"I'm certainly confident that we're going to have a breakthrough within my career, and I have a good 10 to 15 years left. While antiretroviral (ARV) therapies are extending lives and keeping HIV at bay, and PrEP has the potential to effectively halt transmission of the virus, a cure has remained elusive. That's because the HIV virus itself is elusive, both co-opting the immune system and hiding from it."
"We're really kind of landing this effort with the progress we've made to date. If you think about it like landing a plane and you're going at 30,000 feet, and you're then going down towards the runway, and you're seeing the runway ahead, I think that we see the runway now much clearer than we did, say, five or 10 years ago, and it's been because of the investment that's been made."

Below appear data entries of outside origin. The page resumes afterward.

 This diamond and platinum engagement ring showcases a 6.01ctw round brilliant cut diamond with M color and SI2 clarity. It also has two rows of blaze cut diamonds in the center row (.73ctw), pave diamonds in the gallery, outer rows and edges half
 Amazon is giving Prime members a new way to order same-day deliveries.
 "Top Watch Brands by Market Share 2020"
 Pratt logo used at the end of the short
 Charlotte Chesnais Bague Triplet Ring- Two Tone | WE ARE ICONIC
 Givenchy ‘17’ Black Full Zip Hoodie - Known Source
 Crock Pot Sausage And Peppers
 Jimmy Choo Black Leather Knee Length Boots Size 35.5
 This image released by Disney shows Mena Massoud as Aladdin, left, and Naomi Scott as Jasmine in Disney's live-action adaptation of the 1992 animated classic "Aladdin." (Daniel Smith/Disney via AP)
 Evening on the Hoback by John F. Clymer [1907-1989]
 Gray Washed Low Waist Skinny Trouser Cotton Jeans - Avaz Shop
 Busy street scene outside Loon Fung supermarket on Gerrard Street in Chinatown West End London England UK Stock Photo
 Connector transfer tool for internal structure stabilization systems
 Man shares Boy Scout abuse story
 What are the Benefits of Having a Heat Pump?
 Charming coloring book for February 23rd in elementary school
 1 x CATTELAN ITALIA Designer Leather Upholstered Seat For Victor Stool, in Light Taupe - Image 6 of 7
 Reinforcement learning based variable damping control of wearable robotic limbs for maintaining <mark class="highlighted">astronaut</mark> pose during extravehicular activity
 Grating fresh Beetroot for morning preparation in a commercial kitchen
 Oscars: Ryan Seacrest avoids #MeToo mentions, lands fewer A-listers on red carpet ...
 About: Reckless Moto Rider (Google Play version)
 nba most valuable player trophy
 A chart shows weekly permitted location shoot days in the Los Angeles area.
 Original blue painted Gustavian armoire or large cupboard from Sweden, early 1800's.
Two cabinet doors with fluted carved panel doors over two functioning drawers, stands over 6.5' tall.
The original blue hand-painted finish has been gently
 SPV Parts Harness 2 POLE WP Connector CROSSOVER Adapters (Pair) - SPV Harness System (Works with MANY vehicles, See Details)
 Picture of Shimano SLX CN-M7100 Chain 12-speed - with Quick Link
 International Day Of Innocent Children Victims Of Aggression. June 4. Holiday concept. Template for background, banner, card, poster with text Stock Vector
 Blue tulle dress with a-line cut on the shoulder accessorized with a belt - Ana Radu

Antiretroviral therapies and PrEP have transformed HIV into a manageable condition but have not achieved a cure because HIV hides in and subverts the immune system. Recent discoveries, increased investment, and targeted cure-directed research have clarified a path toward eradication. A single "magic bullet" is unlikely; a combination of complementary therapies will be necessary, mirroring the multi-drug approach of antiretroviral regimens. Optimism exists that breakthrough strategies employing immune modulation, reservoir targeting, and combination interventions could achieve durable remission or elimination within the next decade to decade-and-a-half. Progress in clinical trials and laboratory studies is improving understanding of viral reservoirs and immune control.